L’Espagne demande à l’UE de prendre des mesures pour lutter contre la crise énergétique « au-delà de l’hiver »

Le Premier ministre espagnol Pedro Sánchez tiendra une réunion bilatérale jeudi avec le président du Conseil européen, Charles Michel, quelques heures avant le sommet pour discuter de la question des prix de l’énergie, ont déclaré des responsables espagnols à EFE. [Shutterstock/Yevhen Prozhyrko]

Avant le sommet de l’UE de cette semaine, l’Espagne a exhorté le bloc à mettre en œuvre des mesures urgentes et coordonnées pour atténuer la hausse des prix de l’énergie, mettant en garde contre un « risque » que les pénuries d’énergie durent au-delà de l’hiver prochain en Europe.

« Nous pensons qu’il est nécessaire d’entamer ce débat maintenant et de toute urgence », a déclaré mardi (19 octobre) le secrétaire d’État espagnol à l’Union européenne, Juan González-Barba.

L’Espagne a demandé que la hausse des prix de l’énergie figure parmi les principaux sujets abordés par les dirigeants de l’UE lors du sommet européen qui se tiendra jeudi 21 et vendredi 22 octobre à Bruxelles.

Le Premier ministre espagnol Pedro Sánchez tiendra une réunion bilatérale jeudi avec le président du Conseil européen, Charles Michel, quelques heures avant le sommet pour discuter de la question des prix de l’énergie, ont déclaré des responsables espagnols à EFE.

Mardi (19 octobre), M. González-Barba a souligné que le gouvernement espagnol souhaite « accélérer ce débat » et non le reporter, comme le souhaite la Commission européenne, à moyen et long terme — car « il existe un risque qu’en avril, les circonstances actuelles n’aient pas disparu », a-t-il ajouté.

Le mois dernier, le gouvernement espagnol a proposé une série de mesures pour faire face à la volatilité des prix de l’énergie, comme l’achat conjoint de gaz.
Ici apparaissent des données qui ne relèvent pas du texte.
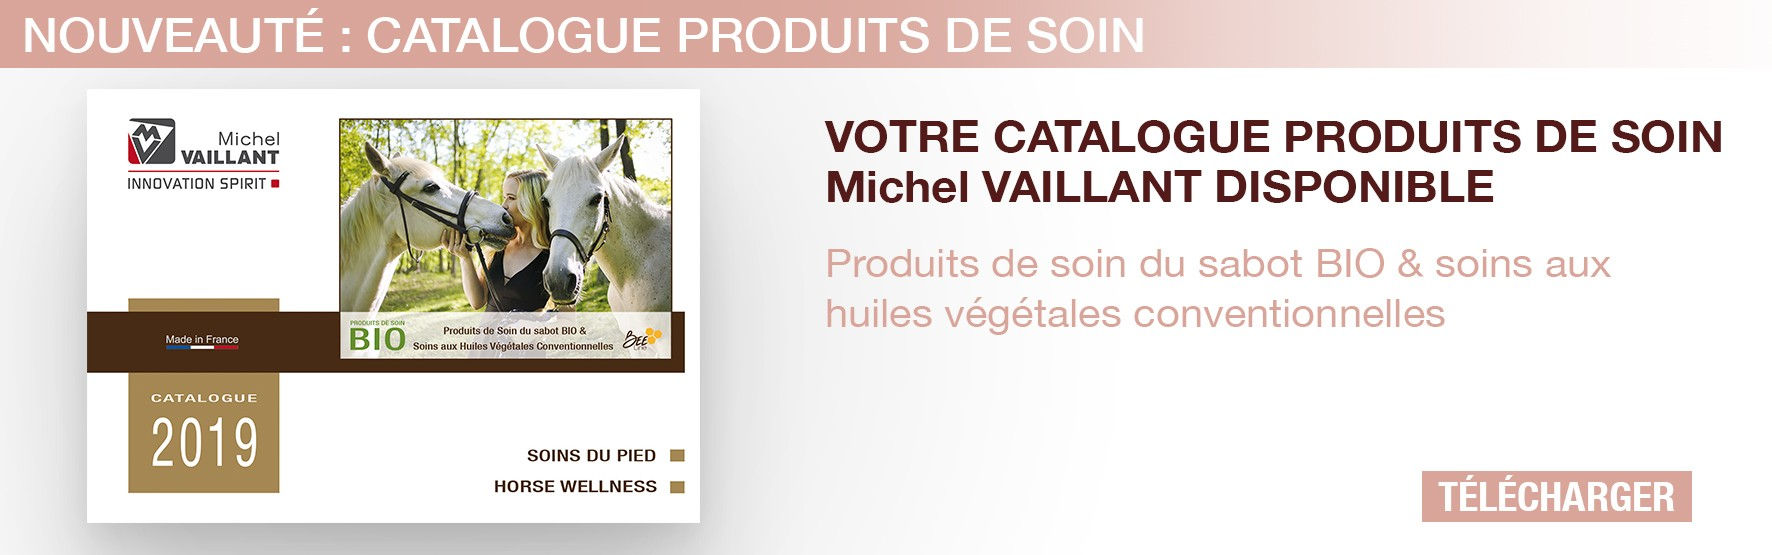 Michel Vaillant Equitation - Soins chevaux - Phytotherapie cheval - Bio cheval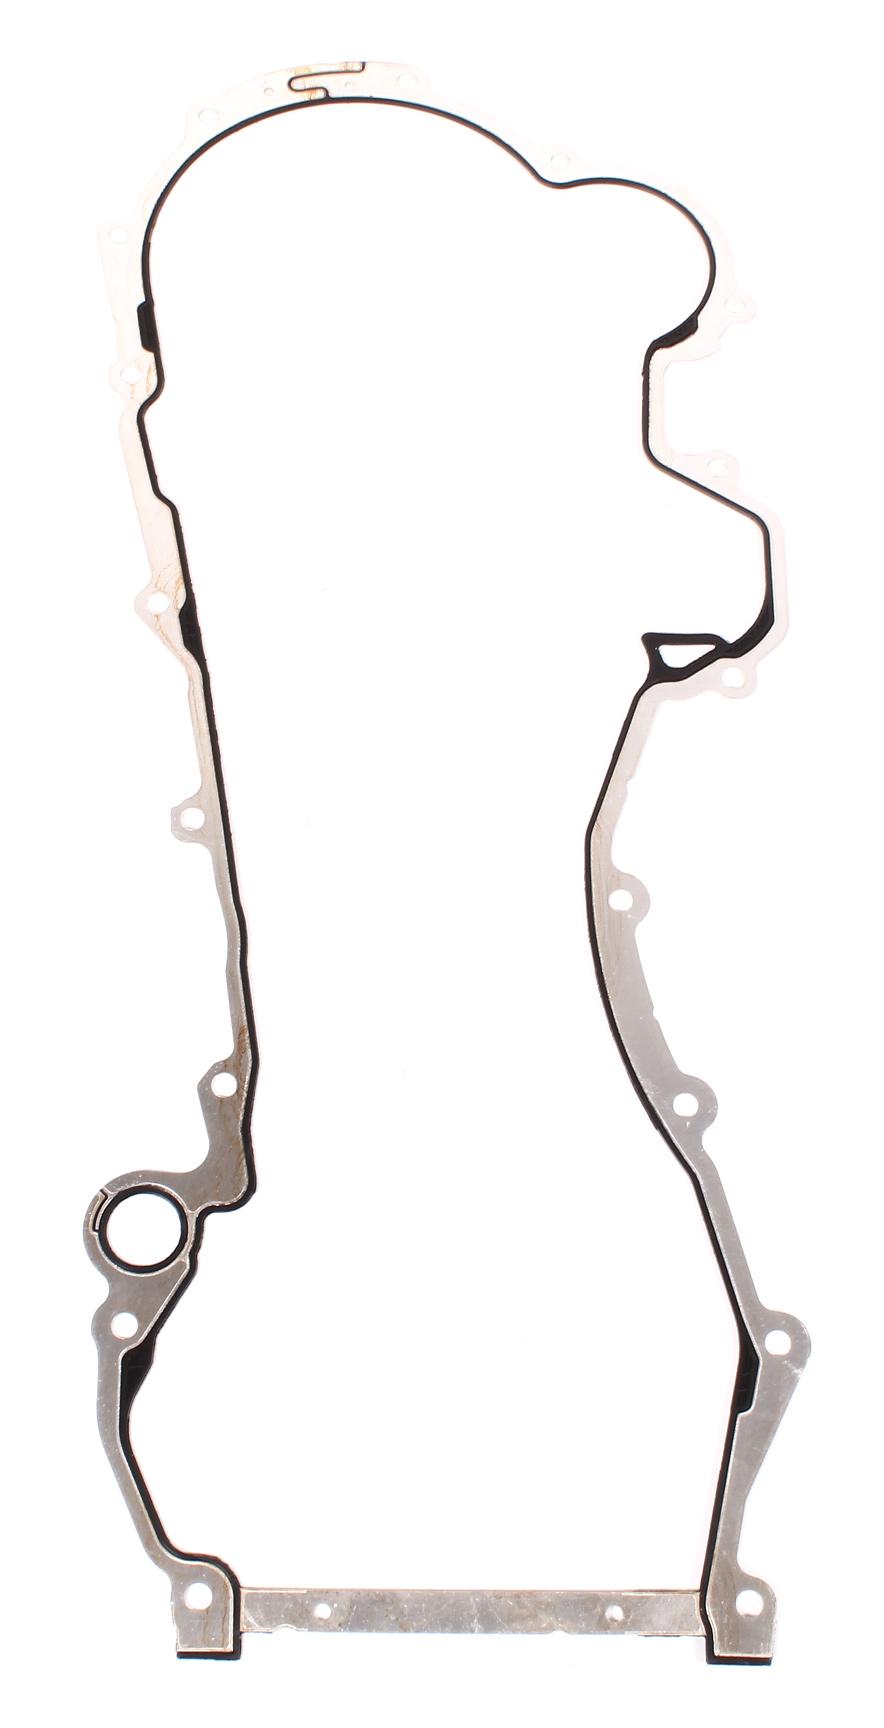 Stirndeckeldichtung Steuergehäusedichtung Fiat Opel 1,3 D 312B1000 312B2000 NEU

Il a appelé à des « mesures exceptionnelles » pour répondre à la crise, notamment en retirant le gaz du système de tarification marginale tant que les prix restent exceptionnellement élevés.

La Commission européenne estime toutefois que les États membres de l’UE disposent de suffisamment d’outils pour faire face à la pénurie d’énergie — comme les subventions aux ménages pauvres — et a décidé de reporter les propositions avancées par l’Espagne, telles que l’achat conjoint de gaz pour créer des réserves stratégiques ou une réforme du marché de l’électricité.

« Nous étudierons les avantages potentiels et la conception de l’achat conjoint volontaire de stocks de gaz de réserve, à condition qu’ils soient conformes à la réglementation du marché de l’énergie et aux règles de concurrence de l’UE », a déclaré la Commission.

L’Espagne est à la tête d’un groupe de pays comprenant la France, la Grèce, la République tchèque et la Roumanie, qui s’oppose à la position de Bruxelles, soutenue par l’Allemagne.